From the Guidelines
On day one after joint surgery, patients should be mobilized actively from the morning and encouraged to meet daily targets for mobilization. This approach is supported by the most recent and highest quality study available, which emphasizes the importance of early mobilization in postoperative care 1. The study suggests that early accelerated rehabilitation, characterized by joint mobilization and weight-bearing within 3 days after surgery, should be the mainstream approach in isolated joint surgeries.
When considering postoperative management, it's essential to prioritize pain management, gentle movement, and rest as tolerated. Patients should take prescribed pain medications as directed, typically every 4-6 hours as needed, and supplement with non-prescription medications like acetaminophen and NSAIDs if approved by their surgeon. Applying ice to the surgical site for 20 minutes every 2-3 hours can help reduce swelling and pain.

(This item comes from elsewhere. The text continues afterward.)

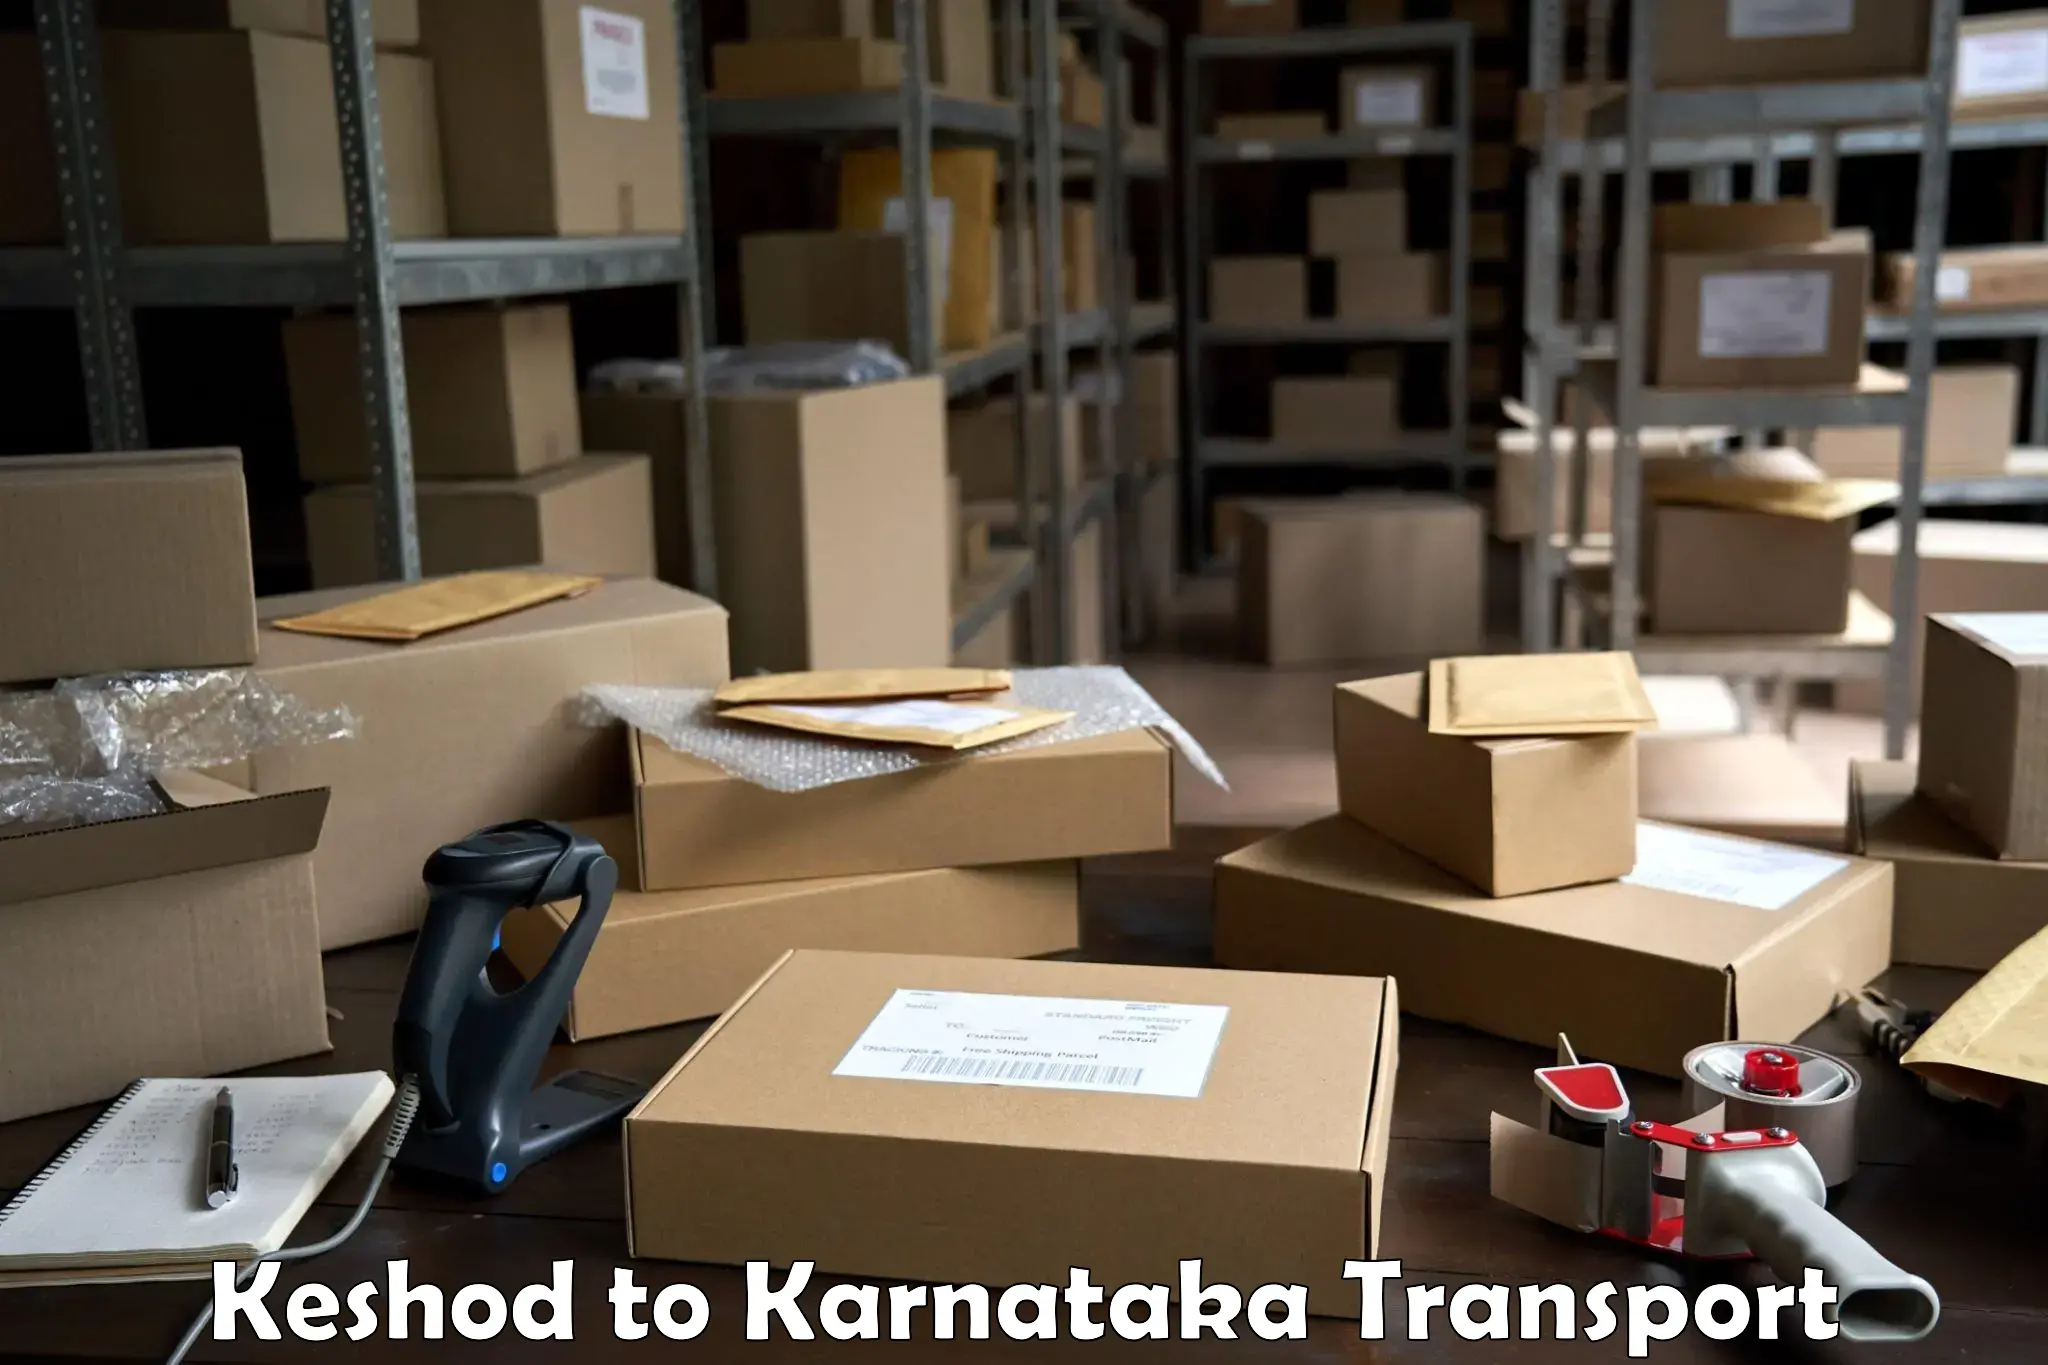 Shipping partner Keshod to Karnataka

Key aspects of postoperative care include:
- Keeping the surgical dressing clean and dry
- Following the surgeon's specific instructions regarding wound care
- Beginning prescribed gentle range-of-motion exercises if instructed
- Avoiding putting weight on the joint unless specifically permitted
- Elevating the affected limb above heart level when resting to minimize swelling
- Staying hydrated and eating nutritious foods to support healing
It's crucial to watch for warning signs, including excessive pain, fever above 101°F, unusual drainage, increasing redness, or numbness in the extremity, and contact the healthcare provider immediately if these occur. Early post-operative care is vital for preventing complications and establishing the foundation for successful rehabilitation, as highlighted in the study 1.
From the Research
Day One Joint Post-Op Pain Management
- Postoperative pain management is a crucial aspect of patient care, with nearly 20% of patients experiencing severe pain in the first 24 hours after surgery 2.
- Multimodal pain regimens (MPRs) are recommended for effective pain management, combining different agents and modes of delivery to address pain at various levels of the pain pathway 3, 4.
- MPRs may include a combination of:
- Acetaminophen
- Non-steroidal anti-inflammatory drugs (NSAIDs)
- Gabapentinoids
- Opioids (short- and long-acting)
- Spinal/epidural analgesia
- Regional nerve blocks
- Local anesthetics
- The use of perioperative acetaminophen has been shown to decrease opioid consumption and improve overall pain control in patients undergoing rotator cuff repair 5.
- Naproxen, an NSAID, has been found to have significant efficacy in treating pain following different surgical interventions, eliminating or reducing the use of rescue opioids in many trials 6.
- Effective postoperative pain management should be tailored to the individual and the surgical procedure involved, taking into account the patient's biological, psychological, and social dimensions of the pain experience 4, 2.